Effect of Exchange Coupling on the Spectra of Transition Metal Ions. The Ligand Field Spectrum and Crystal Structure of CsCrCl3

Abstract

The single crystal polarized absorption spectra of CsCrCl₃ and of CsCrCl₃ doped into CsMgCl₃ have been measured and interpreted in terms of an octahedral ligand field. The intensities of the spin forbidden transitions are found to be very dependent on the chromium ion concentration. In addition, an absorption band which is strongly polarized along the crystallographic c axis is observed at approximately twice the energy of the 10 Dq band.
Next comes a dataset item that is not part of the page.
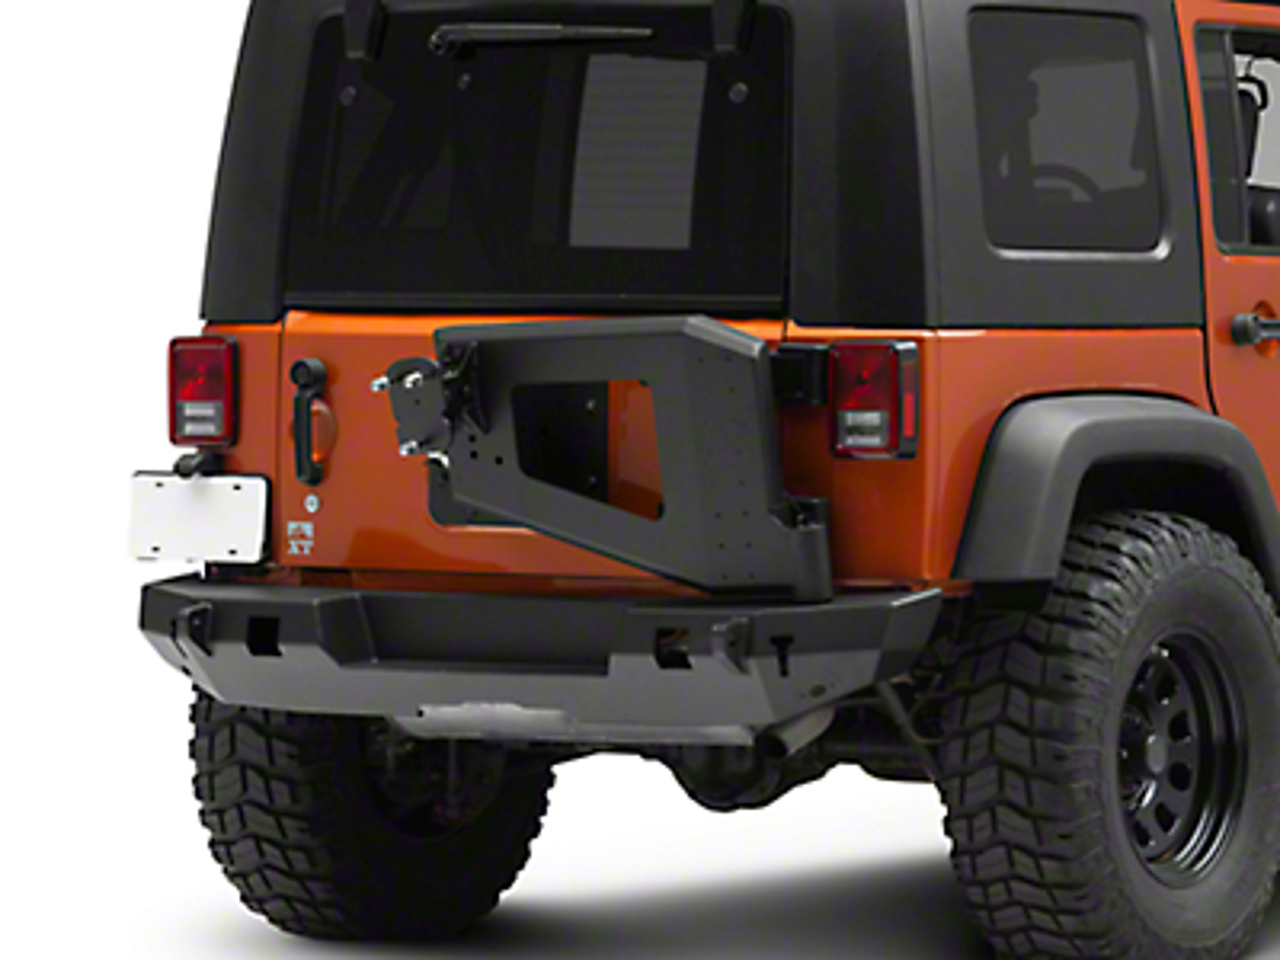 Westin WJ2 Rear Bumper w/ Tire Carrier - Textured Black (07-18 Jeep Wrangler JK)
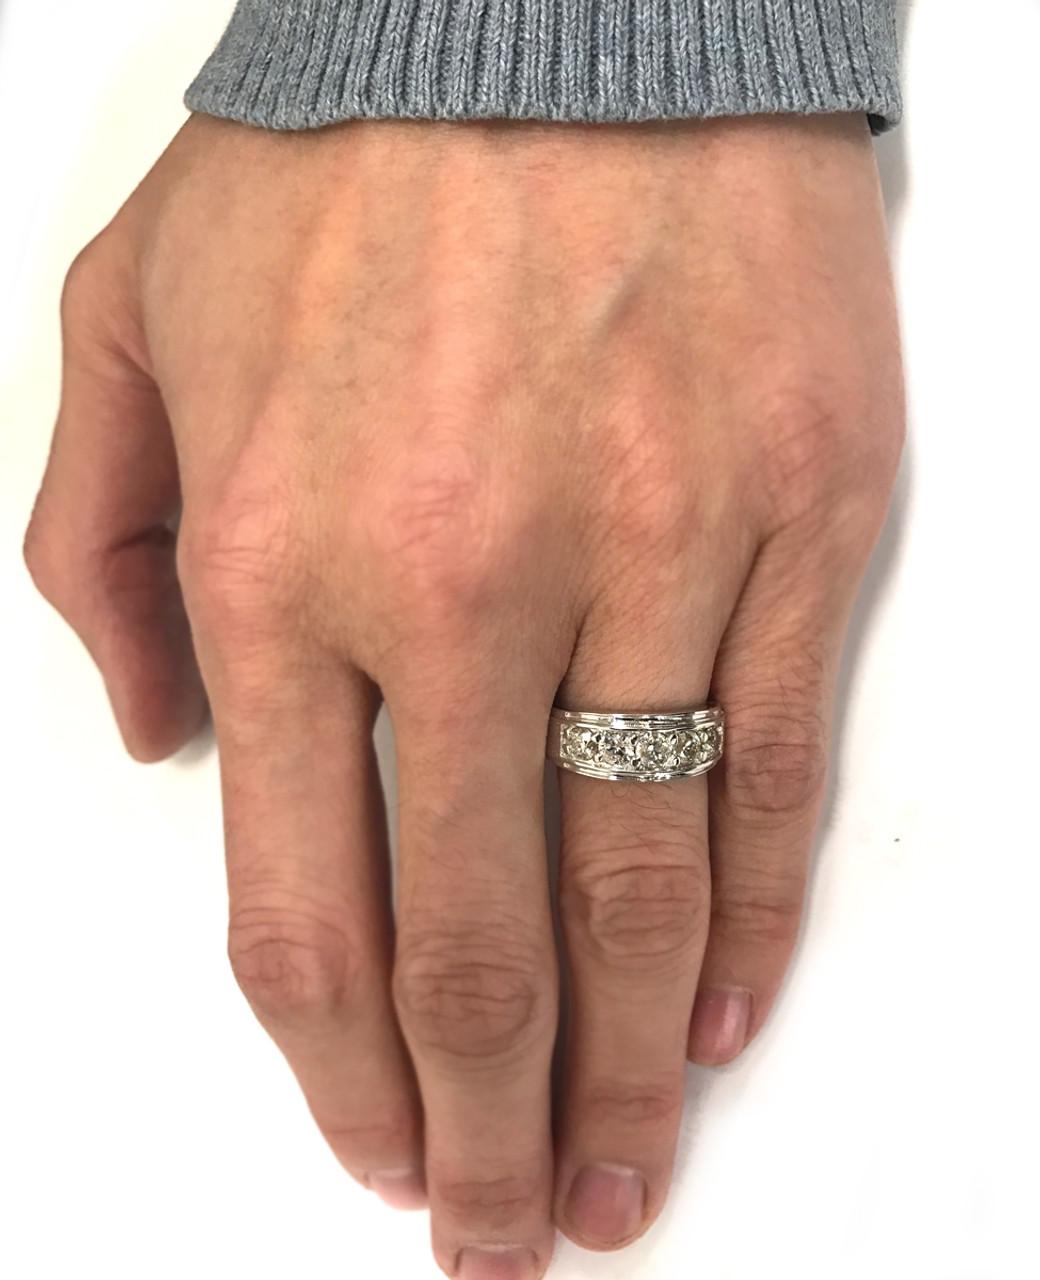 2 Reviews Partnerconnectpompeii3appfilesitemimages58ca96bb762d0: 2 Karat Wedding Rings For Him At Websimilar.org

Both of these effects are attributed to magnetic coupling between the chromium ions; the anomalous band is assigned to a ``double excitation'' of the ${}^5{\mathrm{E\to }}^5{T}_2$ transition on coupled pairs of ions. The crystal structure of CsCrCl₃ has also been determined. The lattice is hexagonal with P6₃mc the most probable space group. The lattice constants are a=7.256(3) and c=6.224(3) Å, with ρ_obs=3.24(4) g/cm³ and ρ_calc=3.40 g/cm³. Least‐squares refinement, based on F, of counter data has led to a final R index of 0.042. The main structural feature is a linear array of [CrCl₆]⁻⁴ octahedra sharing faces. The structure is similar, but not identical, to that of CsMgCl₃ and CsNiCl₃. A small static Jahn‐Teller distortion of the chloride ions from trigonal symmetry about the Cr(II) ions or a Jahn‐Teller active E_1g vibrational mode is probably responsible for the structural differences.